What is RF-DETR? RF-DETR (Roboflow Detection Transformer) is a real-time object detection and instance segmentation model from Roboflow, accepted at ICLR 2026. It uses a DINOv2 vision transformer backbone and achieves state-of-the-art accuracy–latency trade-offs on COCO (60.1 AP50:95 for RF-DETR-2XL) and RF100-VL.

How does RF-DETR compare to YOLOv11? RF-DETR-L achieves 56.5 AP50:95 on COCO at 6.8 ms latency on an NVIDIA T4, outperforming YOLOv11x (54.7 AP) at lower latency. The DINOv2 backbone gives RF-DETR stronger performance on domain-shift benchmarks such as RF100-VL.

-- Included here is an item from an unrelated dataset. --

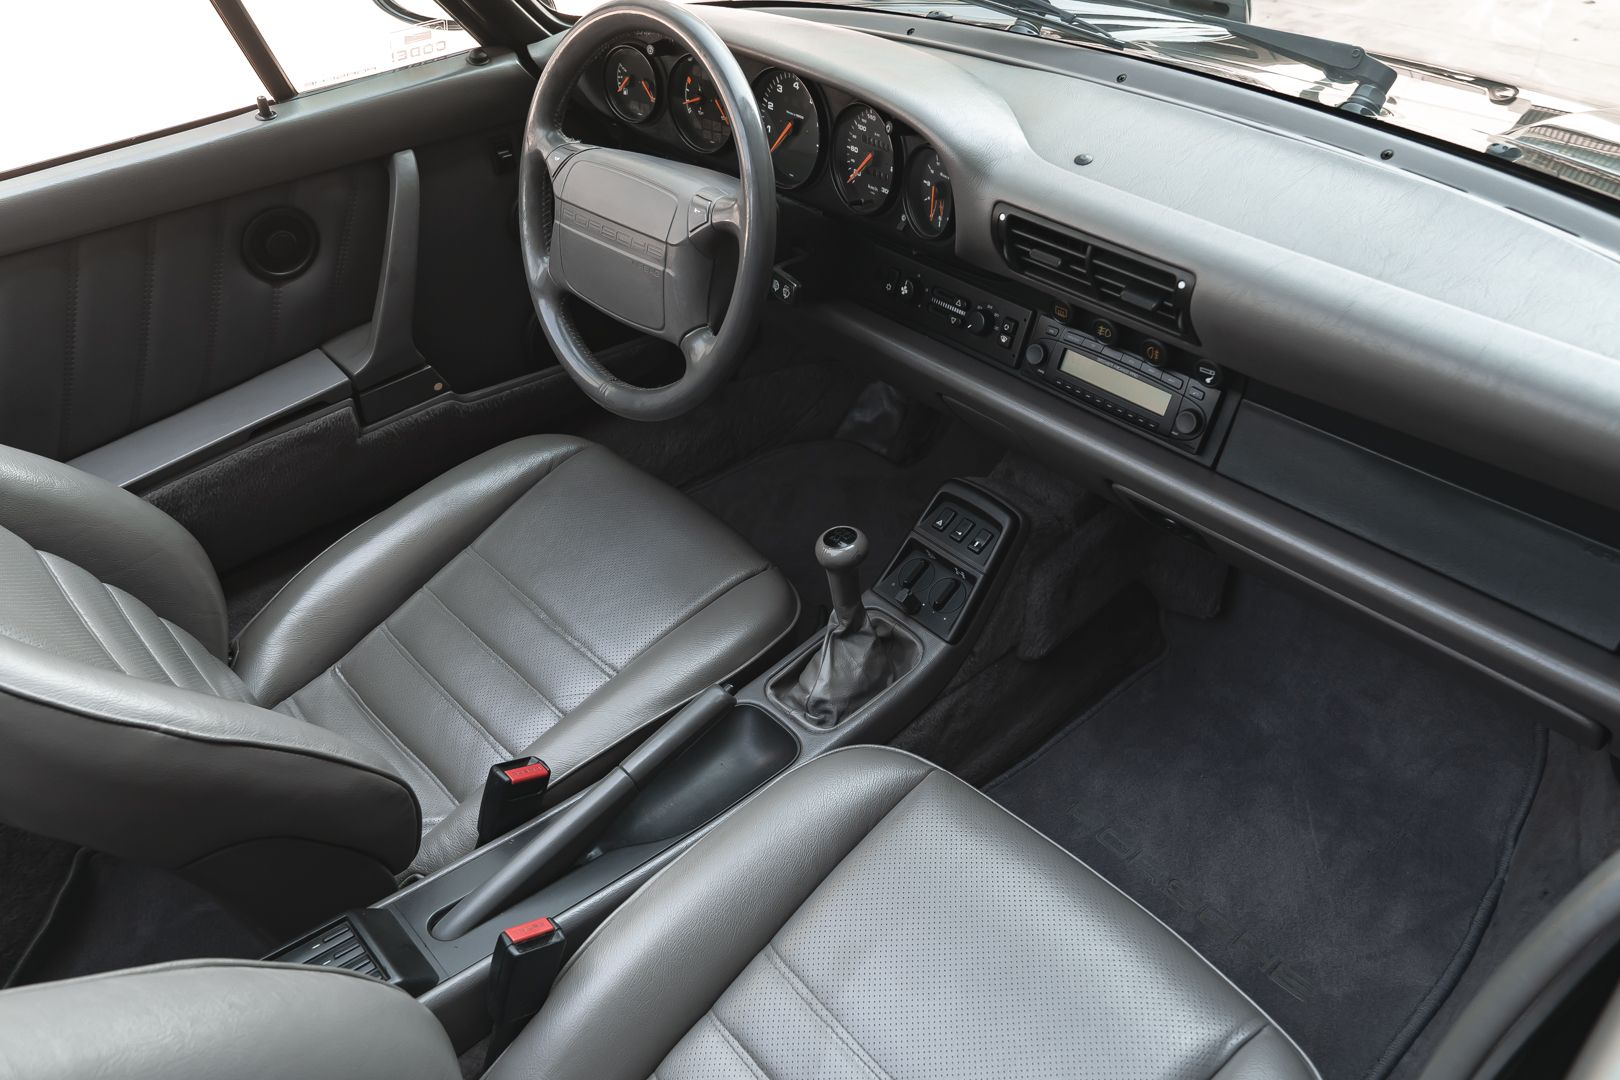 1991 Porsche 911/964 Carrera 4 79195

What GPU is required to train RF-DETR? A CUDA-capable GPU with at least 8 GB VRAM (e.g., NVIDIA RTX 3060, T4, A10) is recommended for fine-tuning. Smaller models (RF-DETR-N and RF-DETR-S) can fit in 6 GB VRAM with reduced batch size. CPU inference is supported for evaluation.

Which dataset formats does RF-DETR support? RF-DETR supports COCO JSON and YOLO-format datasets (with dataset_file: "yolo"). Roboflow datasets export directly to both formats. Detection and segmentation datasets use the same format — the model variant determines the task.

Can RF-DETR run in real time? Yes. RF-DETR-N runs at 2.3 ms per frame on a T4 GPU (TensorRT FP16, batch 1), and RF-DETR-L at 6.8 ms — both well within real-time thresholds. ONNX and TFLite exports are available for edge deployment.

What is the difference between RF-DETR detection and segmentation models? Detection models (e.g., RFDETRLarge) output bounding boxes. Segmentation models (e.g., RFDETRSegLarge) additionally output instance masks. Both share the same backbone and training API; segmentation adds a mask head and requires COCO-format segmentation annotations.

Is RF-DETR open source? Yes. Core models (Nano through Large) and all training/inference code are released under the Apache 2.0 license. XLarge and 2XLarge models require the rfdetr[plus] package (PML 1.0 license).

How do I fine-tune RF-DETR on a custom dataset? Instantiate a model and call model.train(...) with your dataset directory in COCO JSON or YOLO format. Example: model = RFDETRLarge(); model.train(dataset_dir='./dataset', epochs=50, batch_size=4). The model downloads pretrained weights automatically and resumes from the best checkpoint.

How do I export RF-DETR to ONNX or TensorRT? Call model.export(format="onnx") after training or loading a checkpoint. ONNX export works on CPU and produces a single .onnx file compatible with ONNX Runtime and OpenCV DNN. For TensorRT deployment, first export to ONNX and then convert the .onnx model with TensorRT tooling or helpers such as trtexec; this requires TensorRT and a CUDA GPU.

Which RF-DETR model size should I use? RF-DETR-Nano (2.3 ms, 67.6 AP50 on COCO) is best for edge and real-time applications. RF-DETR-Large (6.8 ms, 56.5 AP50:95) offers the best accuracy–latency trade-off for server deployment. RF-DETR-2XLarge (17.2 ms, 60.1 AP50:95) maximizes accuracy when latency allows.